You are viewing a plain text version of this content. The canonical link for it is here.
Posted to issues@spark.apache.org by "Enrico Minack (Jira)" <ji...@apache.org> on 2023/01/24 12:17:00 UTC
[jira] [Updated] (SPARK-42168) CoGroup with window function returns incorrect result when partition keys differ in order
[ https://issues.apache.org/jira/browse/SPARK-42168?page=com.atlassian.jira.plugin.system.issuetabpanels:all-tabpanel ]
Enrico Minack updated SPARK-42168:
----------------------------------
Description:
The following example returns an incorrect result:
{code:java}
import pandas as pd
from pyspark.sql import SparkSession, Window
from pyspark.sql.functions import col, lit, sum
spark = SparkSession \
.builder \
.getOrCreate()
ids = 1000
days = 1000
parts = 10
id_df = spark.range(ids)
day_df = spark.range(days).withColumnRenamed("id", "day")
id_day_df = id_df.join(day_df)
left_df = id_day_df.select(col("id").alias("id"), col("day").alias("day"), lit("left").alias("side")).repartition(parts).cache()
right_df = id_day_df.select(col("id").alias("id"), col("day").alias("day"), lit("right").alias("side")).repartition(parts).cache() #.withColumnRenamed("id", "id2")
# note the column order is different to the groupBy("id", "day") column order below
window = Window.partitionBy("day", "id")
left_grouped_df = left_df.groupBy("id", "day")
right_grouped_df = right_df.withColumn("day_sum", sum(col("day")).over(window)).groupBy("id", "day")
def cogroup(left: pd.DataFrame, right: pd.DataFrame) -> pd.DataFrame:
return pd.DataFrame([{
"id": left["id"][0] if not left.empty else (right["id"][0] if not right.empty else None),
"day": left["day"][0] if not left.empty else (right["day"][0] if not right.empty else None),
"lefts": len(left.index),
"rights": len(right.index)
}])
df = left_grouped_df.cogroup(right_grouped_df) \
.applyInPandas(cogroup, schema="id long, day long, lefts integer, rights integer")
df.explain()
df.show(5)
{code}
Output is
{code}
== Physical Plan ==
AdaptiveSparkPlan isFinalPlan=false
+- FlatMapCoGroupsInPandas [id#8L, day#9L], [id#29L, day#30L], cogroup(id#8L, day#9L, side#10, id#29L, day#30L, side#31, day_sum#54L), [id#64L, day#65L, lefts#66, rights#67]
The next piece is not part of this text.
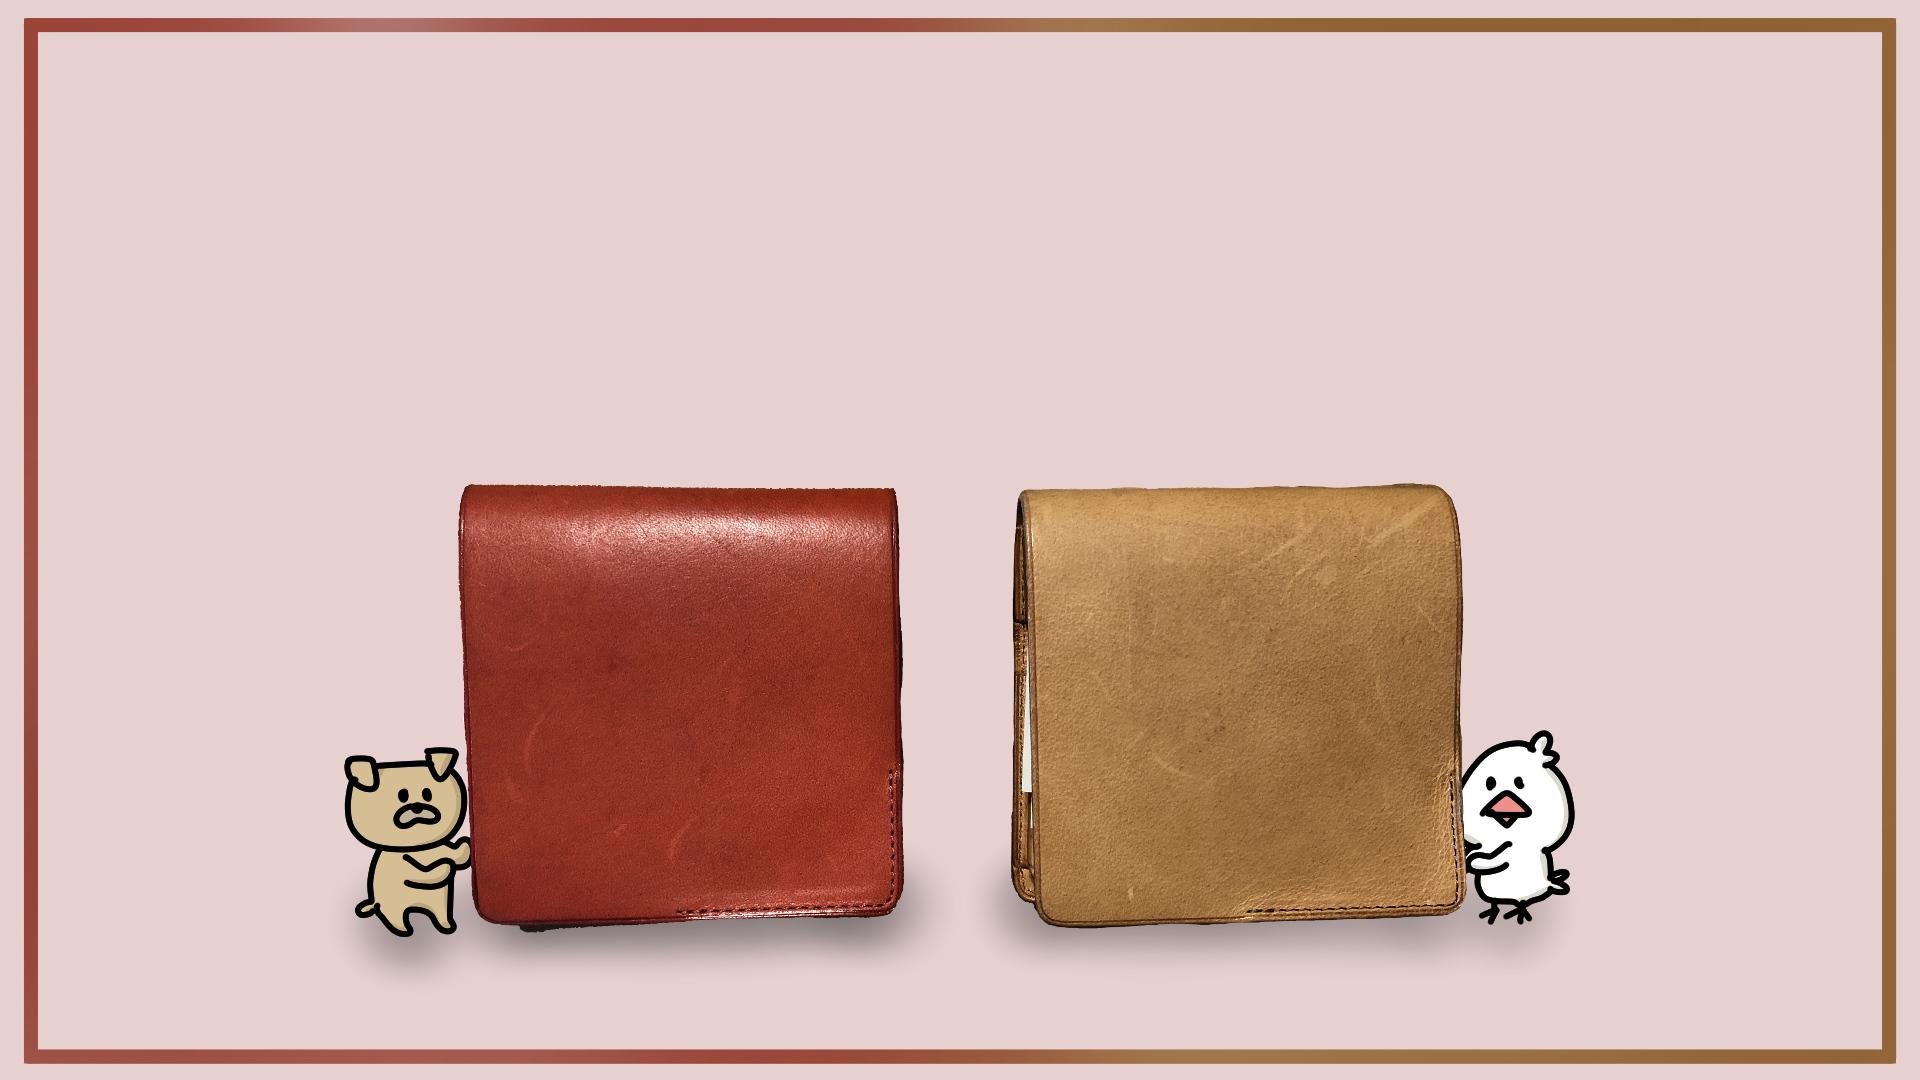 SYRINXのお財布、その後

:- Sort [id#8L ASC NULLS FIRST, day#9L ASC NULLS FIRST], false, 0
: +- Exchange hashpartitioning(id#8L, day#9L, 200), ENSURE_REQUIREMENTS, [plan_id=117]
: +- ...
+- Sort [id#29L ASC NULLS FIRST, day#30L ASC NULLS FIRST], false, 0
+- Project [id#29L, day#30L, id#29L, day#30L, side#31, day_sum#54L]
+- Window [sum(day#30L) windowspecdefinition(day#30L, id#29L, specifiedwindowframe(RowFrame, unboundedpreceding$(), unboundedfollowing$())) AS day_sum#54L], [day#30L, id#29L]
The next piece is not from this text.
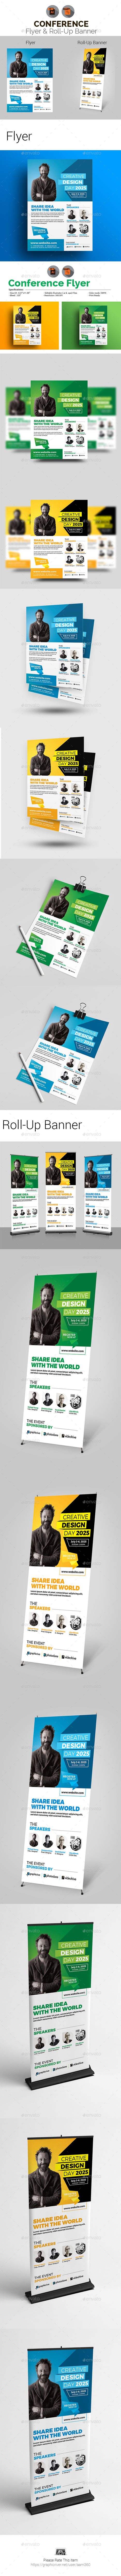 GraphicRiver Conference Flyer & Roll-Up Banner Bundle 21121143

+- Sort [day#30L ASC NULLS FIRST, id#29L ASC NULLS FIRST], false, 0
+- Exchange hashpartitioning(day#30L, id#29L, 200), ENSURE_REQUIREMENTS, [plan_id=112]
+- ...
+---+---+-----+------+
| id|day|lefts|rights|
+---+---+-----+------+
| 0| 3| 0| 1|
| 0| 4| 0| 1|
| 0| 13| 1| 0|
| 0| 27| 0| 1|
| 0| 31| 0| 1|
+---+---+-----+------+
only showing top 5 rows
{code}
The first child is hash-partitioned by {{id}} and {{{}day{}}}, while the second child is hash-partitioned by {{day}} and {{id}} (required by the window function). Therefore, rows end up in different partitions.
This has been fixed in Spark 3.3 by [#32875|https://github.com/apache/spark/pull/32875/files#diff-e938569a4ca4eba8f7e10fe473d4f9c306ea253df151405bcaba880a601f075fR75-R76]:
{code}
== Physical Plan ==
AdaptiveSparkPlan isFinalPlan=false
+- FlatMapCoGroupsInPandas [id#8L, day#9L], [id#29L, day#30L], cogroup(id#8L, day#9L, side#10, id#29L, day#30L, side#31, day_sum#54L)#63, [id#64L, day#65L, lefts#66, rights#67]
:- Sort [id#8L ASC NULLS FIRST, day#9L ASC NULLS FIRST], false, 0
: +- Exchange hashpartitioning(id#8L, day#9L, 200), ENSURE_REQUIREMENTS, [plan_id=117]
: +- ...
+- Sort [id#29L ASC NULLS FIRST, day#30L ASC NULLS FIRST], false, 0
+- Exchange hashpartitioning(id#29L, day#30L, 200), ENSURE_REQUIREMENTS, [plan_id=118]
+- Project [id#29L, day#30L, id#29L, day#30L, side#31, day_sum#54L]
+- Window [sum(day#30L) windowspecdefinition(day#30L, id#29L, specifiedwindowframe(RowFrame, unboundedpreceding$(), unboundedfollowing$())) AS day_sum#54L], [day#30L, id#29L]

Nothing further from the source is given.